Rand J A, Bryan R S
Orthop Clin North Am. 1982 Jan;13(1):201-12.
Revision of a total knee arthroplasty is most frequently required because of prosthetic loosening, instability, and failure to restore proper axial alignment. The instability and improper axial alignment may result in abnormal stresses that predispose to component loosening, component failure, and stress fracture of the tibia. Therefore, it is essential to obtain correct axial alignment and soft tissue balance at the time of the initial arthroplasty. Approximately two thirds of those knees having one or more revisions of their arthroplasty will have a satisfactory result. One third will have an unsatisfactory result related to continued pain or restricted motion, or both. We have reported the results in 142 knees, 95 of which had one revision, 37 of which had two revisions, and 10 of which had three revisions.
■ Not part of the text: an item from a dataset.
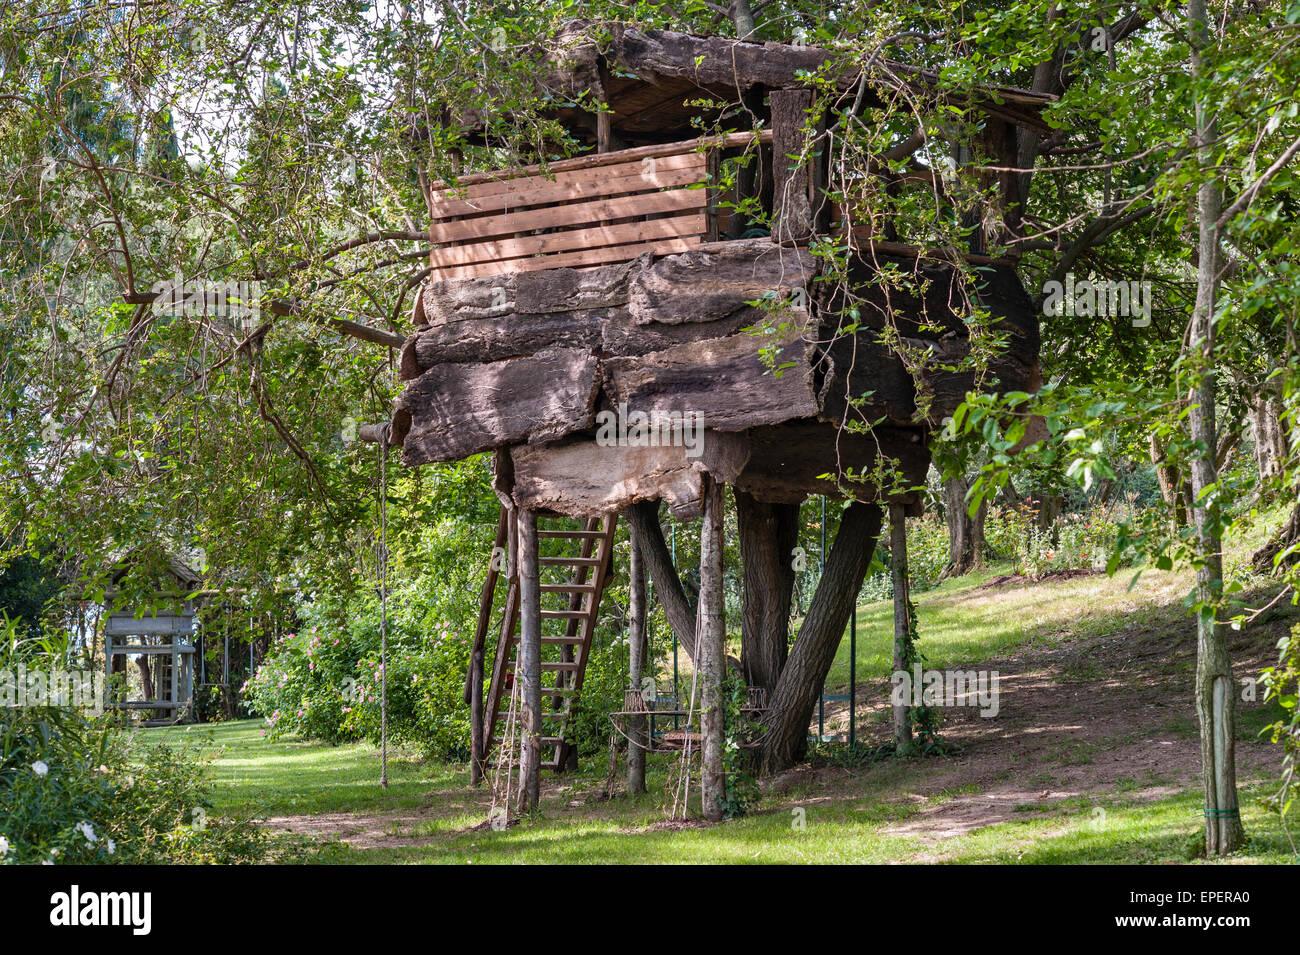 Italy A Garden Tree House Built For Children Stock Photo

It is essential in such revisions, in our opinion, to thoroughly debride the knee, restore quadriceps balance, establish the correct alignment, minimize bone loss, and use the least possible constraint in the prosthesis combined with an external brace for three to six months.
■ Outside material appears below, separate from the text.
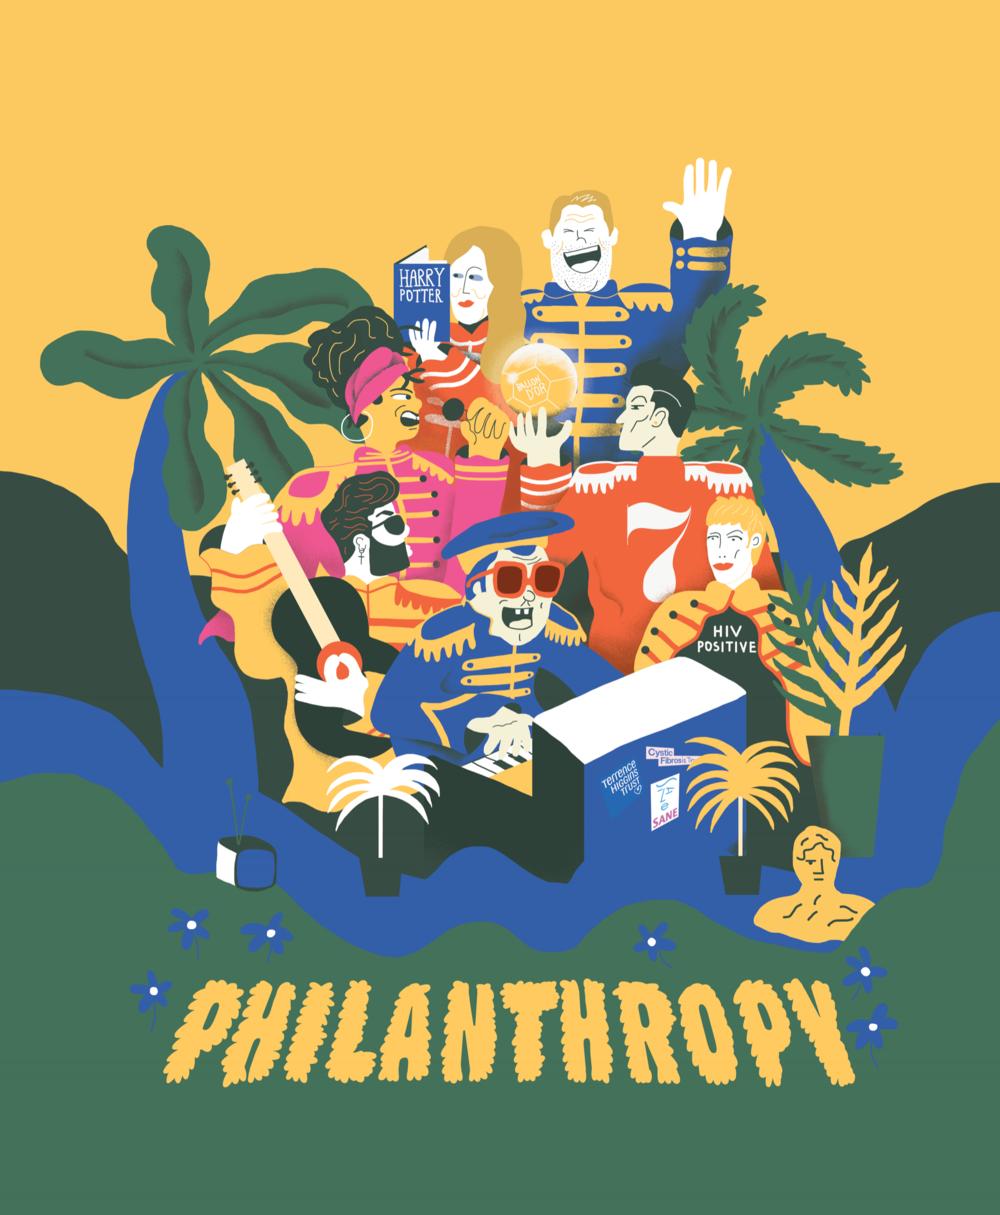 Celebrity Philanthropy in the U.K

全膝关节置换术翻修最常见的原因是假体松动、不稳定以及未能恢复正确的轴向对线。不稳定和不正确的轴向对线可能导致异常应力,进而易引发假体松动、假体失效以及胫骨应力性骨折。因此,在初次关节置换时获得正确的轴向对线和软组织平衡至关重要。接受过一次或多次关节置换翻修的膝关节中,约三分之二会有满意的结果。三分之一会因持续疼痛或活动受限,或两者皆有,而有不满意的结果。我们报告了142例膝关节的结果,其中95例进行了一次翻修,37例进行了两次翻修,10例进行了三次翻修。我们认为,在这类翻修手术中,彻底清创膝关节、恢复股四头肌平衡、确立正确对线、尽量减少骨量丢失,并在假体中使用尽可能少的限制性部件,同时结合使用外部支具三至六个月,是必不可少的。